All-purpose flour is a general use white flour. It is not a whole flour, and only the starchy endosperm is used, without the germ and bran portion of the kernel. It is a blend of hard and soft flours or hard flours with a protein content (gluten) of about 9 to 12 percent.
Hard flours are flours like bread flour, which contain more gluten, and soft flours are flours like cake flour, which contain less gluten. All-purpose flour is meant to be an intermediate between these two, suitable for most baking needs. It was developed so that the home cook could use one flour for everything from bread, to cakes and pastry. Ideally, cakes are made with a softer cake flour and bread is made from a harder bread flour, but since most consumer grocery stores have all-purpose flour available, but not necessarily any specialty flours, most cookbooks call for all-purpose flour in most baking recipes. All purpose flour is suitable for making cookies, biscuits, popovers. It will yield satisfactory results in most baking recipes but a specialty flour is best for serious bakers.

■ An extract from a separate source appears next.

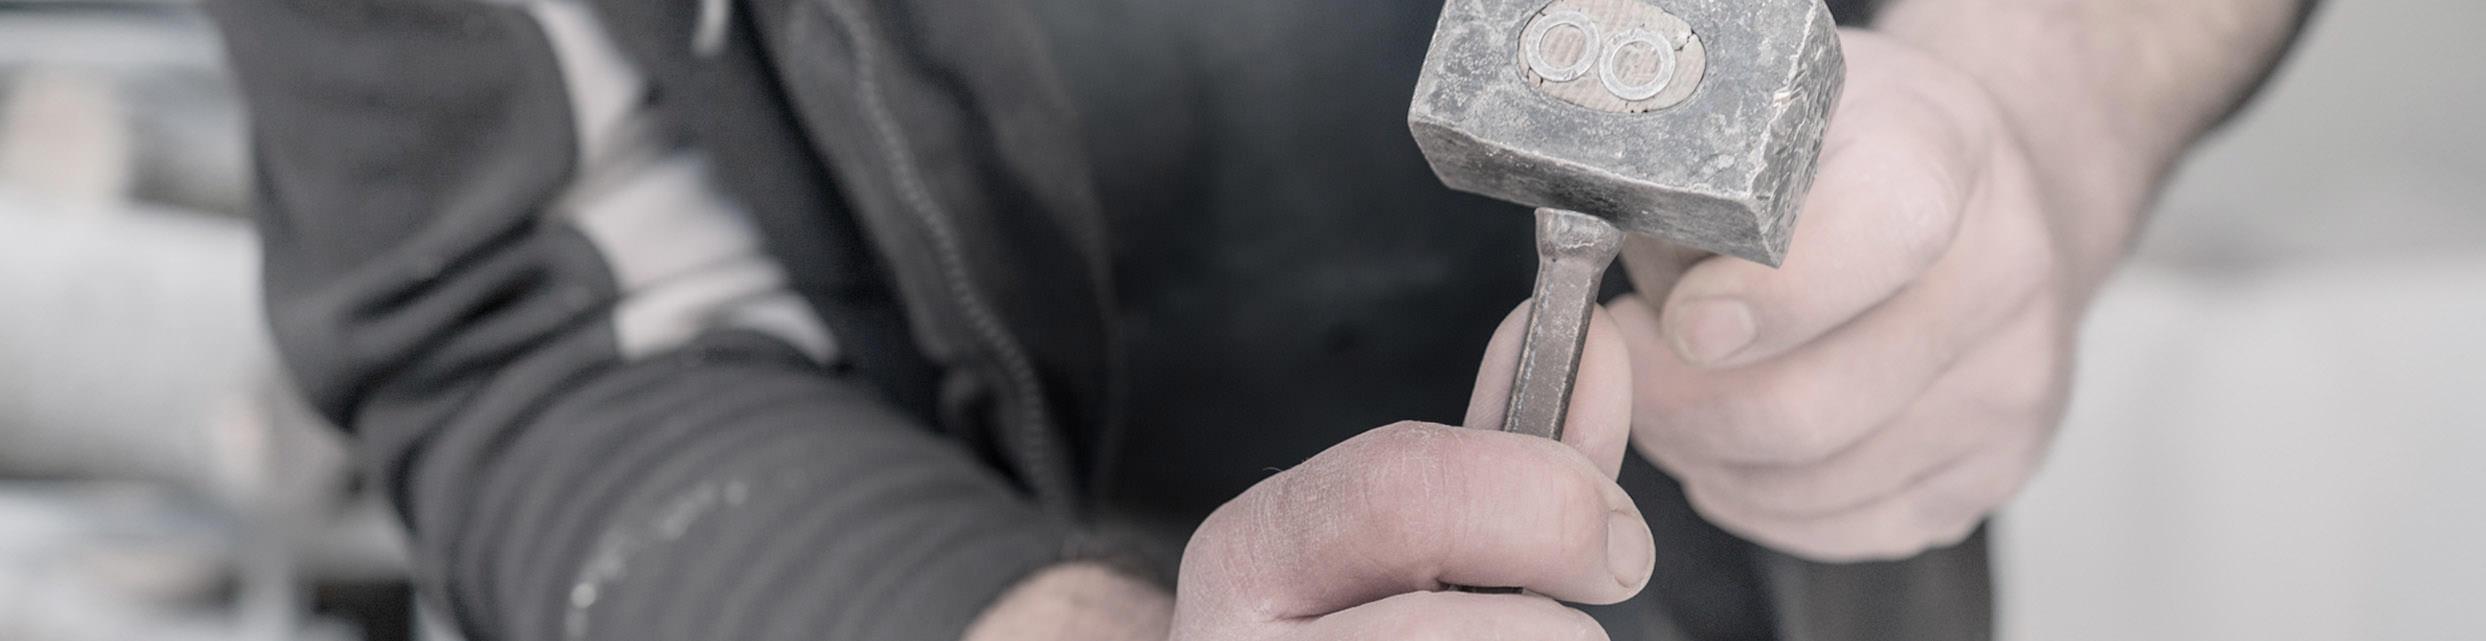 Franke Naturstein - erstklassige Handwerkskunst

A cake made with all-purpose flour may have too much gluten, making it tough and dense. Bread made with all-purpose flour may not have enough gluten, making it too fragile.
All-purpose Flour in the South versus the North
All-purpose flours vary regionally, based on the type of baking most often done in a particular part of the country. Generally, all-purpose flours in the Southern United States will be softer, since southerners tend to make more biscuits, and a softer flour yields a lighter, fluffier biscuit. Northern all-purpose flours have a higher proportion of hard flour. Most all-purpose flours will report approximately the same amount of protein on the nutrition label, at 3 grams protein per 1/4 cup, which is 12% protein, which is on the high end of ‘medium’. Gold Medal®, Pillsbury®, and Martha White® (Southern) all-purpose flours all contain 12% protein, suitable for most baking needs. King Arthur® all purpose flour contains a higher amount of protein than most grocery store brands, at 13%. White Lily® flour, a Southern brand, contains only 8% protein, which places it into cake flour range, making it great for biscuits and pastries, but not really an “all purpose flour.”
Bleached and Unbleached
Bleaching is a chemical process used to make the flour whiter in appearance and to improve it’s functional properties. Freshly milled flour is not white, but bleaching does not yield results that are as good as aged flour. Aging serves to naturally bleach the flour through oxygenation, which also serves to improve the gluten. However, this is a costly process, involving a great deal of storage space, labor, and a high risk of pest infestation. Chemical bleaching, such as with chlorine gas or benzoyl peroxide, is much less expensive. This bleaching lightens the flour and also improves the strength and elasticity of the gluten by increasing the number of disulfide bonds. Unbleached all-purpose flour is only marginally darker unbleached products are now available in most large chain grocery stores. The volume, texture, and crumb structure is also improved.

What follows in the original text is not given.